Quick decision: Kafka vs HTTP

StrategyBest forProsCons
Kafka (recommended)Production environments with high throughputFire-and-forget communication, time-based partitioning, better performance, decoupled architectureRequires Kafka Connect setup
HTTPDevelopment or simple setupsDirect connection, easier setupBlocking operations, no time-based partitioning, tighter coupling
Why Kafka is recommended: The Kafka strategy allows for fire-and-forget communication, eliminating the need for the process engine to wait for indexing requests to complete. This significantly improves performance in high-throughput scenarios.
Critical difference: Only the Kafka strategy provides out-of-the-box support for time-based partitioning through the transforms.routeTS.timestamp.format configuration (see later in this guide).
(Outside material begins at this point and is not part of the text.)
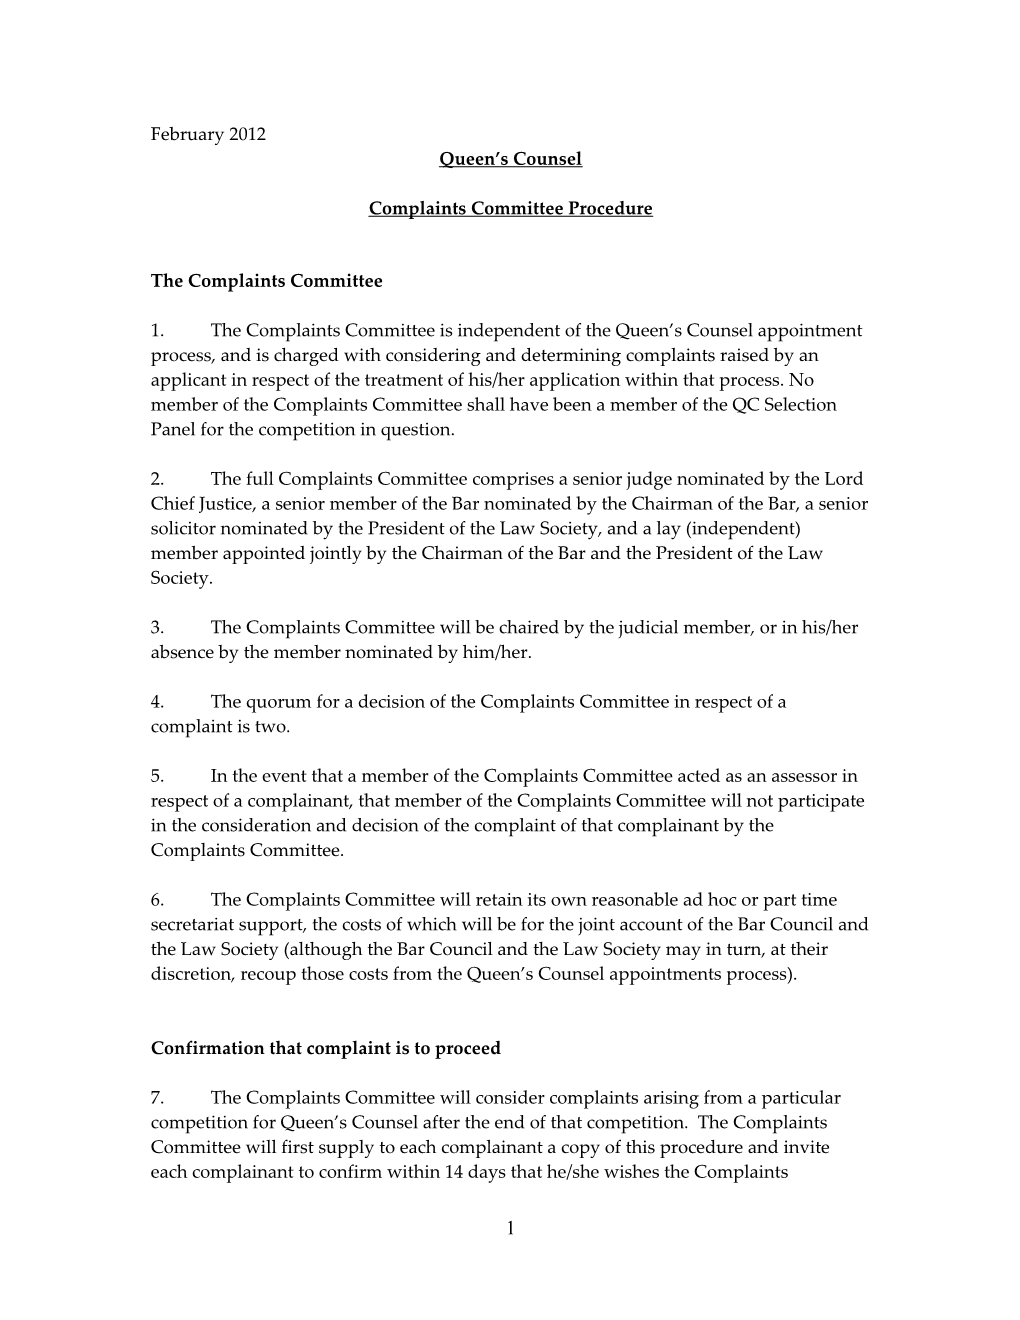 Complaints Committee Procedure

The HTTP strategy does not support time-based partitioning as a built-in feature.

Configuration overview

All indexing is controlled by these core settings:

Global indexing control

FLOWX_INDEXING_ENABLED=false  # Set only when you want to disable indexing
FLOWX_INDEXING_ENABLED defaults to true. Only set this variable if you want to disable indexing by setting it to false.

Strategy selection

FLOWX_INDEXING_TYPE=kafka  # Options: kafka, http, no-indexing

Performance considerations (FlowX defaults)

Default configuration:
  • Monthly indices: yyyyMM format for time-based partitioning (Kafka only)
  • 2 shards + 0 replicas (code default): bump replicas based on your high-availability requirements
  • Primary shards per year: 24 (2 primary × 12 monthly indices) — well under Elasticsearch’s 1000 shard default limit; each replica adds another 24
Scaling guidelines:
  • If indexing becomes slow: Check physical resources and shard size
  • If monthly indices become too large: Switch to weekly indices (yyyyww)
  • For high parallel indexing load: Add more primary shards
  • High availability: Set FLOWX_ELASTICSEARCH_INDEXSETTINGS_REPLICAS to at least 1 in production for resilience to a single node loss
Important: Each replica is applied per shard, so monitor resource usage when increasing replicas.

HTTP-only setting

FLOWX_INDEXING_OPTIMISTICLOCKINGRETRIES=3  # Only used with HTTP strategy

Step 1: Configure the process engine

Add these environment variables to your process-engine configuration:
# Elasticsearch connection settings
SPRING_ELASTICSEARCH_REST_PROTOCOL=https
SPRING_ELASTICSEARCH_REST_URIS=elasticsearch:9200
SPRING_ELASTICSEARCH_REST_DISABLESSL=false
SPRING_ELASTICSEARCH_REST_USERNAME=
SPRING_ELASTICSEARCH_REST_PASSWORD=

# Use Kafka strategy
FLOWX_INDEXING_TYPE=kafka

# Index settings (optional - these are the defaults)
FLOWX_ELASTICSEARCH_INDEXSETTINGS_NAME=process_instance
FLOWX_ELASTICSEARCH_INDEXSETTINGS_SHARDS=2
FLOWX_ELASTICSEARCH_INDEXSETTINGS_REPLICAS=0
process-engine still needs HTTPS connectivity to Elasticsearch in Kafka mode. Even with FLOWX_INDEXING_TYPE=kafka, process-engine creates the process_instance_template index template directly against Elasticsearch at startup. If process-engine cannot reach Elasticsearch, the template silently fails to apply and indices fall back to default mappings — search and aggregations break in non-obvious ways.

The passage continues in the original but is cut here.